Native SIEM-style search

Built-in search tab with field-aware DSL (severity:critical AND source:wazuh), visual filter builder, right-side schema panel, cursor-paginated infinite scroll, SQL pushdown into JSONB for sub-100ms first page, and saved searches with private / tenant / global visibility. Timechart and top-value aggregations share the same filter state. Any saved search can be promoted to a scheduled alert (cron + timezone + threshold + multi-recipient). This is the single search surface — no external index to operate, no split-brain with a parallel search engine.

Detection Engineering

Closes the loop Alert → Verdict → Rule. Per-rule TP/FP/escalation rate, noisy-rule ranking by fp_rate × log(1+hits), explainable tuning recommendations with evidence, replay against historical alerts, MITRE coverage with gap detection, candidate-rule review queue (LearningAgent output), immutable rule versioning with one-click rollback, and Sigma import with structural validation.

Security Intelligence

IOCs move from "enrich and show" to scored + prioritized + correlated. Threat score 0-100 with explainable components (source confidence, sighting volume, confirmed TPs, freshness, lifecycle overrides). Lifecycle states: active / stale / expired / suppressed / trusted. Campaign severity + confidence (confirmed / probable / unknown). Feed sync health, hunt-suggestion generation, intel ⇄ rule coverage gaps, per-tenant threat landscape.

MSSP tenancy + governance

Single choke point for tenant isolation.

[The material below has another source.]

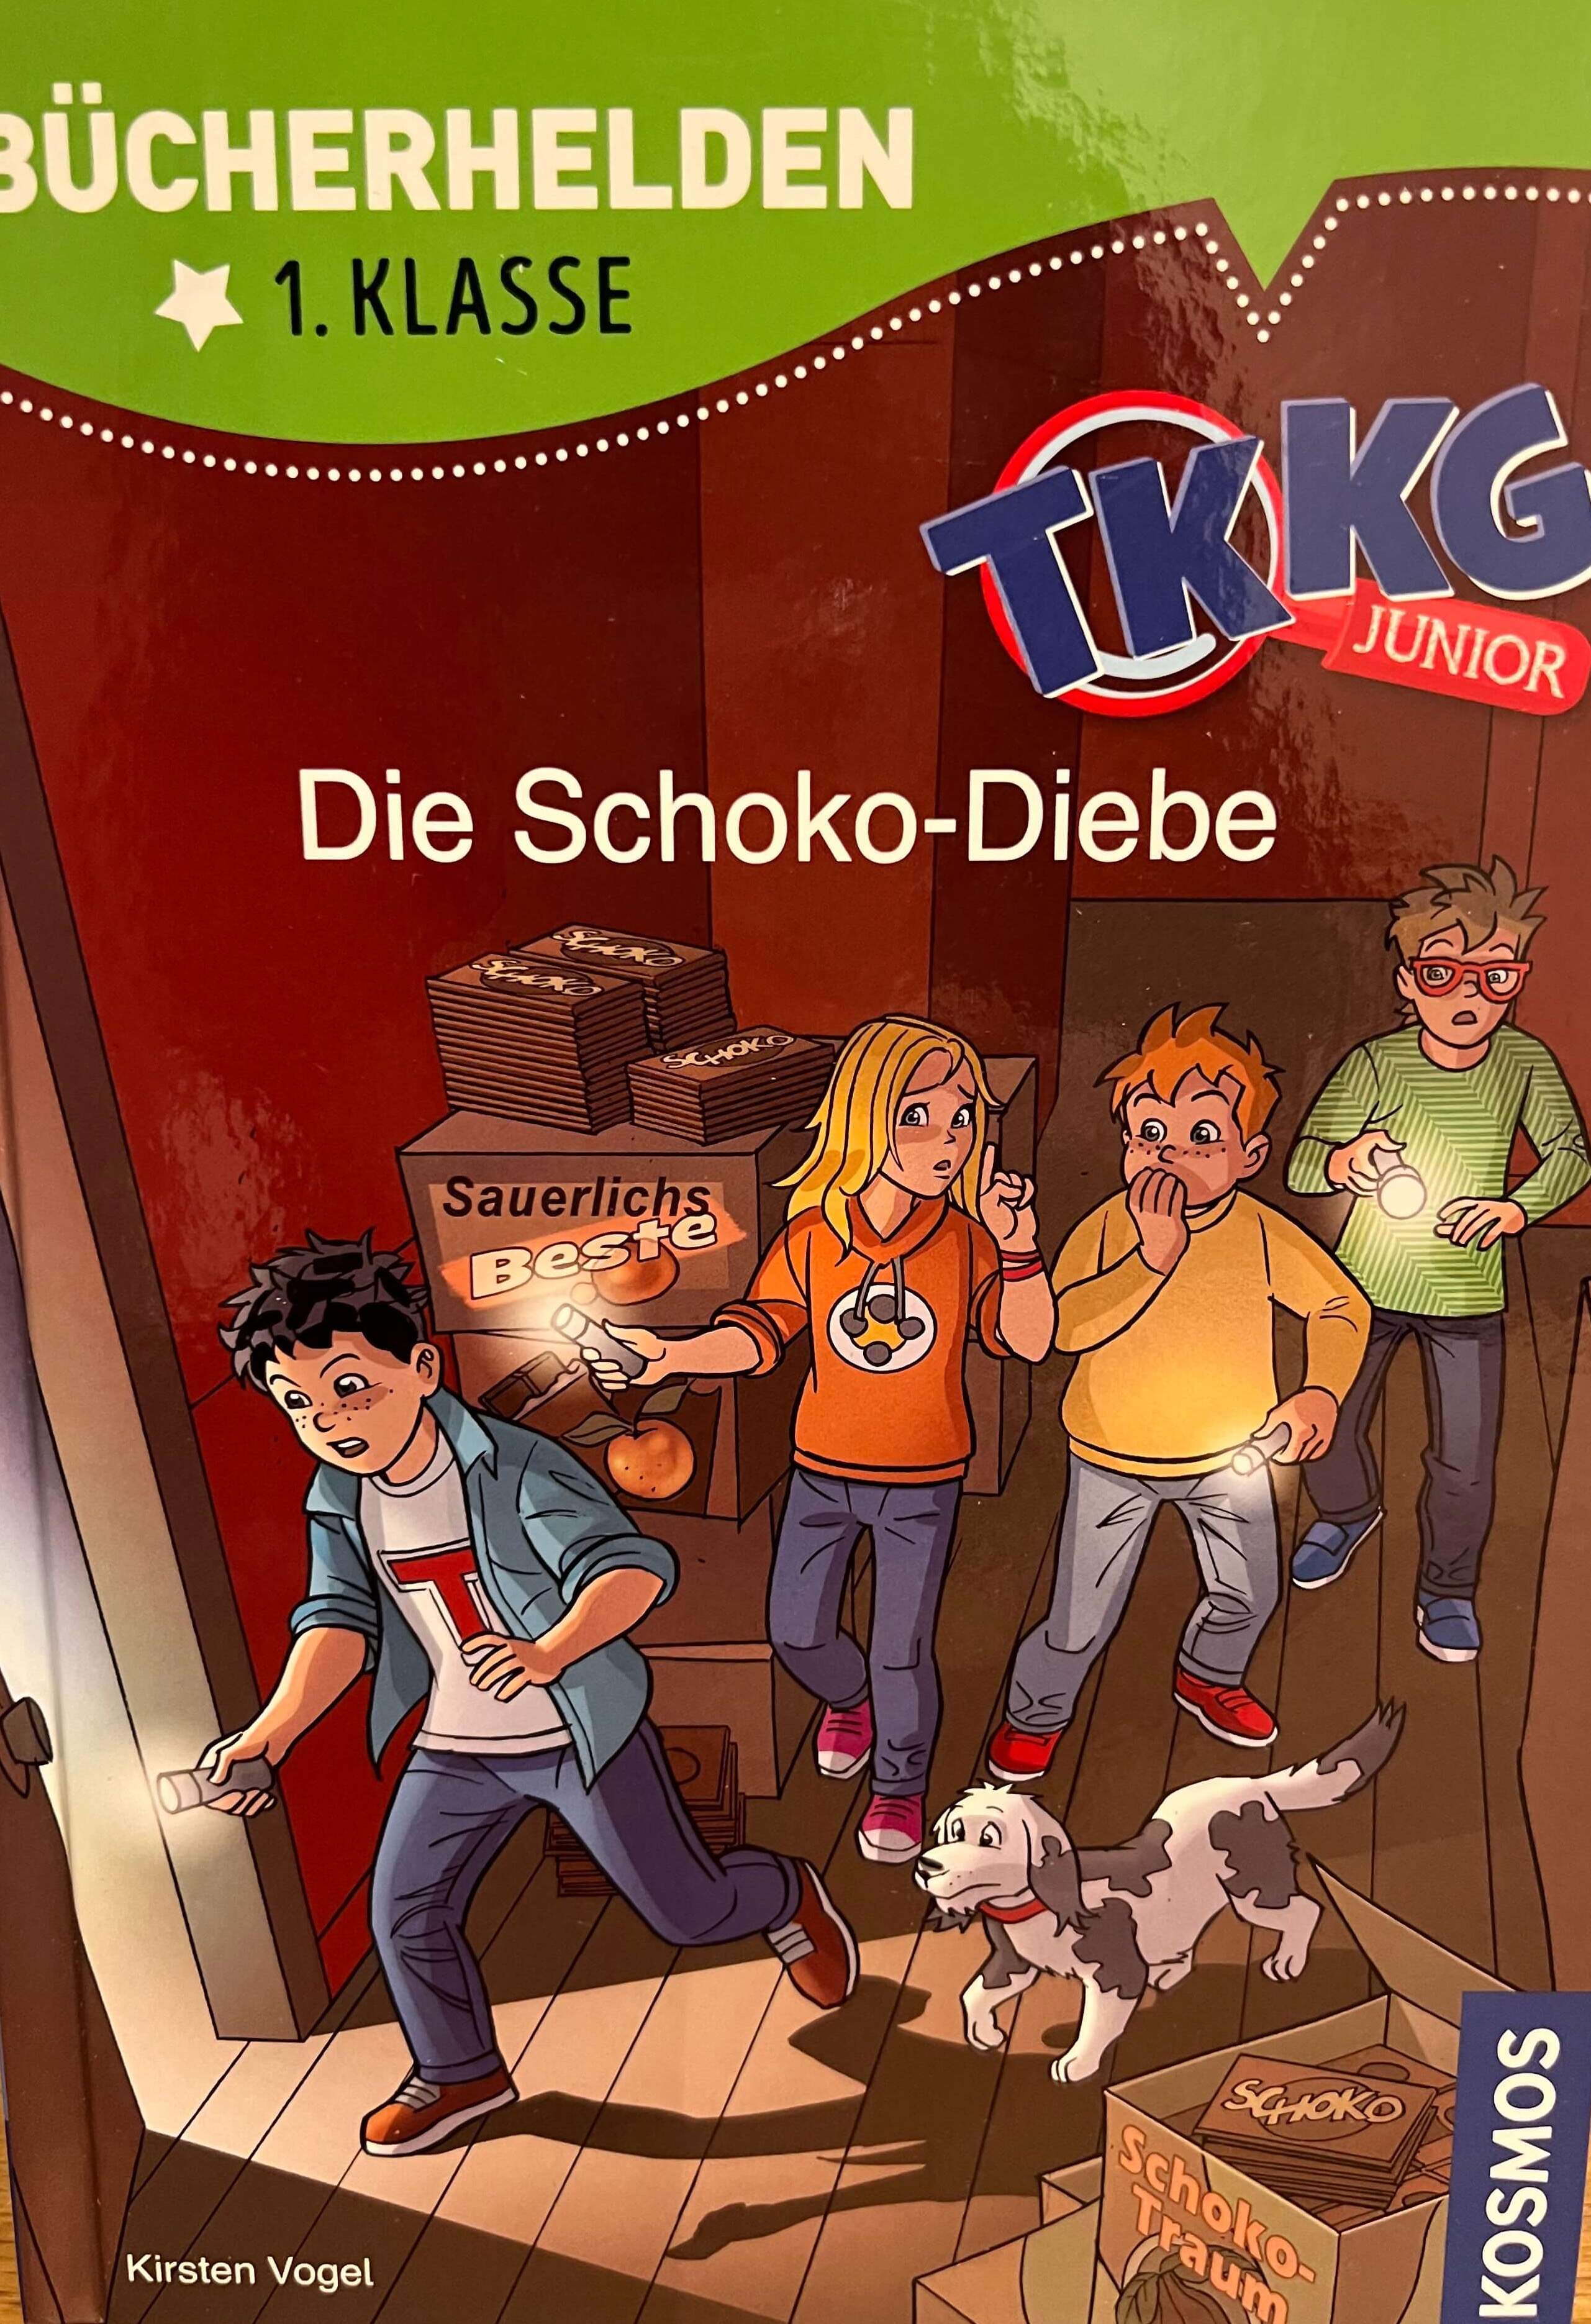 Bücherhelden - 1.Klasse -TKKG - Die Schoko-Diebe
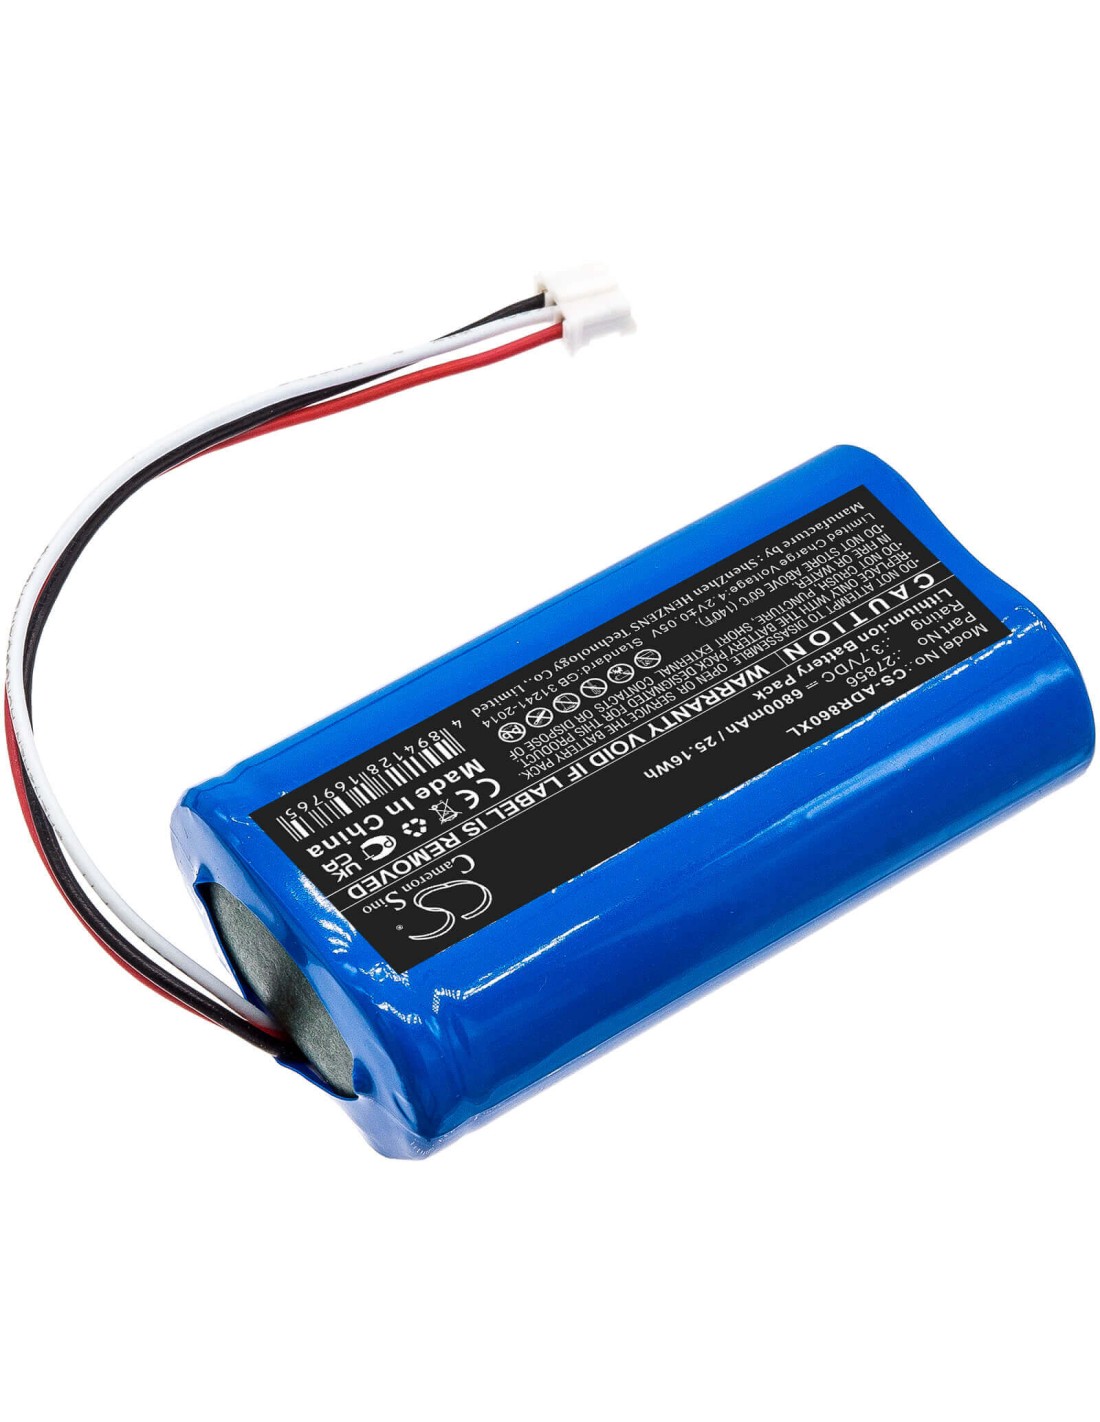 Battery for Albrecht, Dr 855, Dr 860, Dr855 3.7V, 6800mAh - 25.16Wh

Every query scoped server-side from the JWT; client-supplied tenant parameters are ignored. Cross-tenant admin access is explicit, role-gated, audit-logged, and surfaced via UI banner. Per-tenant white-label branding (logo, display name, primary color, report footer) flows into every report payload and PDF export. Per-tenant per-action policy overrides with effective-policy visualization. MSP-of-MSP tenant hierarchy via parent-child wiring.

Admin Control Plane

Not just settings — governance. Worker lifecycle (start / stop / restart / restart-all) with confirm dialogs + audit. Aggregated system alerts across 6 categories. Cost dashboard (tokens + USD per day, per tenant, top drivers). Active session list with one-click revoke. Runtime config editor with type validation. RabbitMQ queue depth. Policy editor showing effective policy per tenant.

Dashboards & Reports

KPI strip with click-through to filtered investigations. Per-tenant comparison with grades A-D. Alert-lifecycle funnel. SLA breach root-cause analysis (backlog / slow investigation / escalation delay). Data coverage per source. Automation coverage. Decision-engine metrics. Dashboard narrative that summarizes "what changed" vs the previous period, plus z-score alert-volume anomaly detection. Reports carry executive-ready narrative on every type; scheduled delivery via cron + email; PDF export with tenant branding; QoQ / YoY period comparison with graceful fallback when history is insufficient.

Observability & trust

Evidence chain: SHA-256 hash-chained custody per investigation. Audit log covers every authentication, authorization, config change, policy override, cross-tenant access, rule rollback, IOC override, session revoke, and remediation action. Search telemetry for SLO tracking. Email delivery log — no silent failures. Per-agent tracing via Langfuse when configured. Compliance / Audit report type exports the audit trail with event-type summary and narrative.